Let's say this is my data:
id <- c(1:5)
names <- c('id', 'p1', 'p2', 'p3', 'pr1', 'pr2', 'pr3')
p1 <- c(sample(1:10, 5))
p2 <- c(sample(10:20, 5))
p3 <- c(sample(20:30, 5))
pr1 <- c(sample(1:10, 5))
pr2 <- c(sample(10:20, 5))
pr3 <- c(sample(20:30, 5))
mydf <- as.data.frame(matrix(c(id, p1, p2, p3, pr1, pr2, pr3), nrow = 5))
colnames(mydf) <- names
>mydf
id p1 p2 p3 pr1 pr2 pr3
1 1 6 20 22 1 10 24
2 2 8 11 24 2 18 29
3 3 7 10 25 6 20 26
4 4 3 14 20 10 15 20
5 5 5 19 29 7 14 22
I want my data finally to look like this:
id2 <- rep(c(1:5), each = 2)
names2 <- c('id', 'couple', 'q1', 'q2', 'q3')
couple <- rep(1:2, 5)
p1 <- c(sample(1:10, 5))
p2 <- c(sample(10:20, 5))
p3 <- c(sample(20:30, 5))
pr1 <- c(sample(1:10, 5))
pr2 <- c(sample(10:20, 5))
pr3 <- c(sample(20:30, 5))
mydf <- as.data.frame(matrix(c(id2, couple, p1, p2, p3, pr1, pr2, pr3), nrow = 10, ncol = 5))
colnames(mydf) <- names2
>mydf
id couple q1 q2 q3
1 1 1 6 23 16
2 1 2 10 28 10
3 2 1 1 27 14
4 2 2 7 21 20
5 3 1 5 30 18
6 3 2 12 2 27
7 4 1 10 1 25
8 4 2 13 7 21
9 5 1 11 6 20
10 5 2 18 3 23
Or, if this is not possible, like this:
id couple bb1 bb2 bb3 pbb1 pbb2 pbb3
1 1 1 6 23 16
2 1 2 10 28 10
3 2 1 1 27 14
4 2 2 7 21 20
5 3 1 5 30 18
6 3 2 12 2 27
7 4 1 10 1 25
8 4 2 13 7 21
9 5 1 11 6 20
10 5 2 18 3 23
Now, to get me there, i've tried the melt() function and the gather() function and it feels like i'm close but still it's not working the way I want it to work.
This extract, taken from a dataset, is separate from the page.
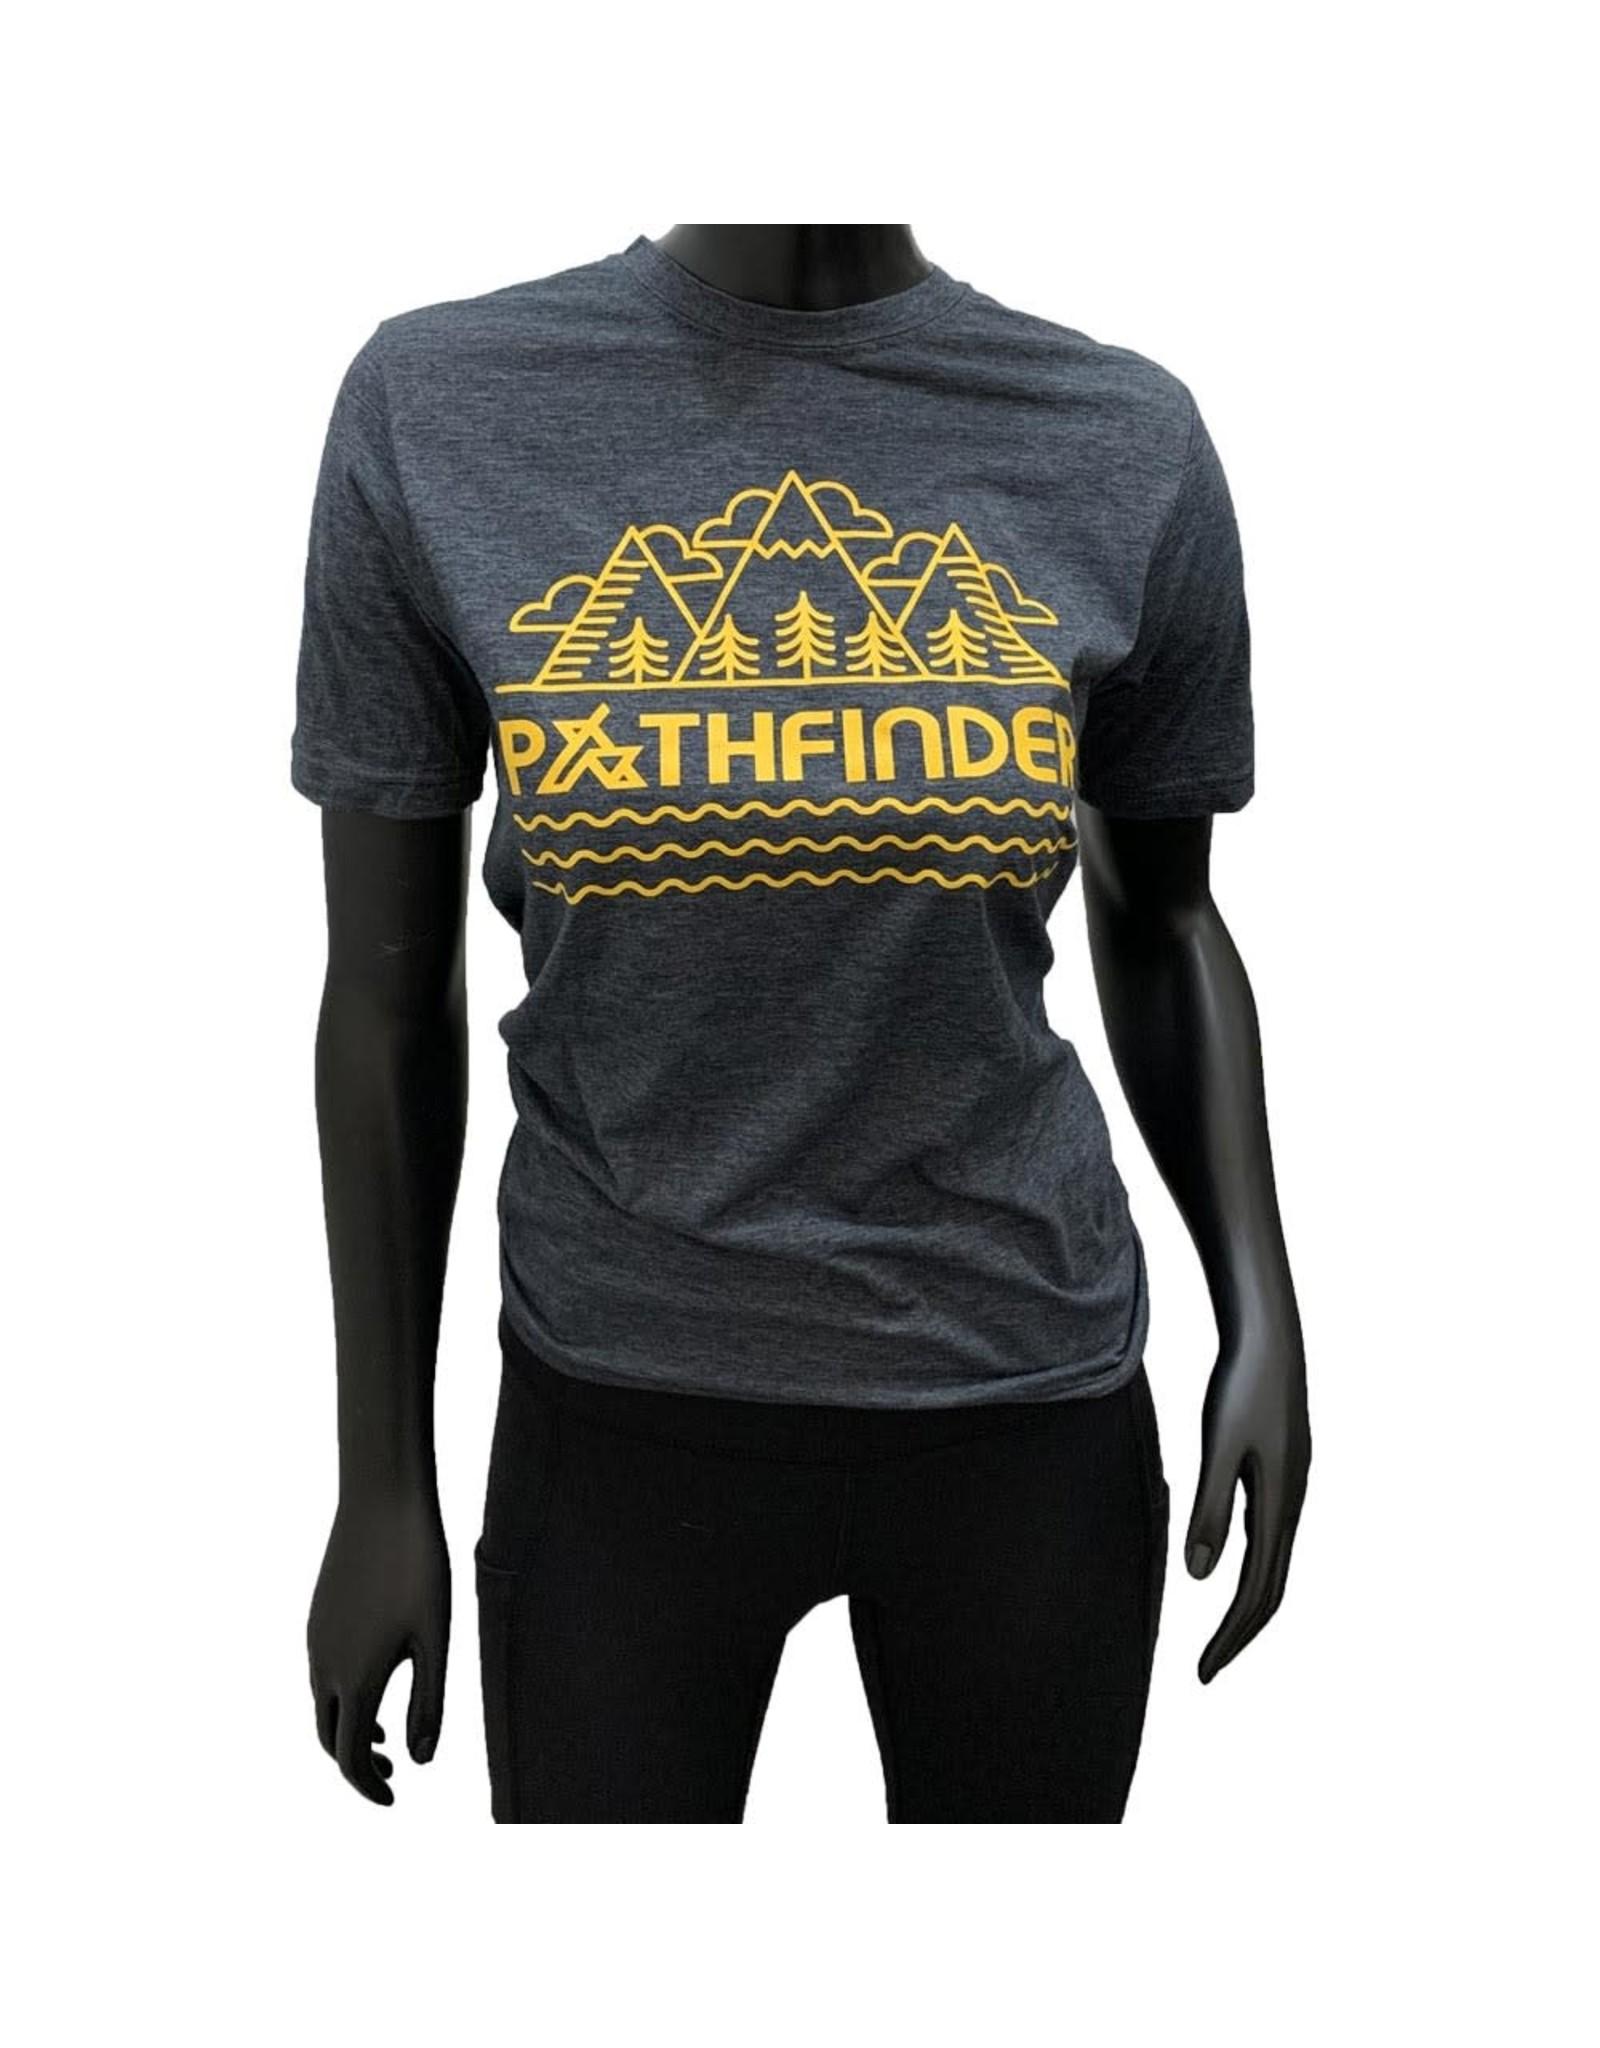 Pathfinder Mountain Poly/Cotton Crew Tee Antique Denim/Gold

note, in my dataset the variable names are bb1:bb54 for the patient questionnaire and pbb1:pbb54 for the proxy questionnaire
Example of what I've tried
df_long <- df_reshape %>%
gather(testname, value, -(bb1:bb11), -(pbb1:pbb11), -id, -pgebdat, -p_age, na.rm=T) %>%
arrange(id)
If I understand what you want correctly, you can gather everything to a very long form and then reshape back to a slightly wider form:
library(tidyverse)
set.seed(47) # for reproducibility
mydf <- data.frame(id = c(1:5),
p1 = c(sample(1:10, 5)),
p2 = c(sample(10:20, 5)),
p3 = c(sample(20:30, 5)),
pr1 = c(sample(1:10, 5)),
pr2 = c(sample(10:20, 5)),
pr3 = c(sample(20:30, 5)))
mydf_long <- mydf %>%
gather(var, val, -id) %>%
separate(var, c('couple', 'q'), -2) %>%
mutate(q = paste0('q', q)) %>%
spread(q, val)
mydf_long
#> id couple q1 q2 q3
#> 1 1 p 10 17 21
#> 2 1 pr 10 11 24
#> 3 2 p 4 13 27
#> 4 2 pr 4 15 20
#> 5 3 p 7 14 30
#> 6 3 pr 1 14 29
#> 7 4 p 6 18 24
#> 8 4 pr 8 20 30
#> 9 5 p 9 16 23
#> 10 5 pr 3 18 25
One approach would be to use unite and separate in tidyr, along with the gather function as well.
I'm using your mydf data frame since it was provided, but it should be pretty straightforward to make any changes:
mydf %>%
unite(p1:p3, col = `1`, sep = ";") %>% # Combine responses of 'p1' through 'p3'
unite(pr1:pr3, col = `2`, sep = ";") %>% # Combine responses of 'pr1' through 'pr3'
gather(couple, value, `1`:`2`) %>% # Form into long data
separate(value, sep = ";", into = c("q1", "q2", "q3"), convert = TRUE) %>% # Separate and retrieve original answers
arrange(id)
Which gives you:
id couple q1 q2 q3
1 1 1 9 18 25
2 1 2 10 18 30
3 2 1 1 11 29
4 2 2 2 15 29
5 3 1 10 19 26
6 3 2 3 19 25
7 4 1 7 10 23
8 4 2 1 20 28
9 5 1 6 16 21
10 5 2 5 12 26
Our numbers are different since they were all randomly generated with sample.
Edited per #alistaire comment: add convert = TRUE to the separate call to make sure the responses are still of class integer.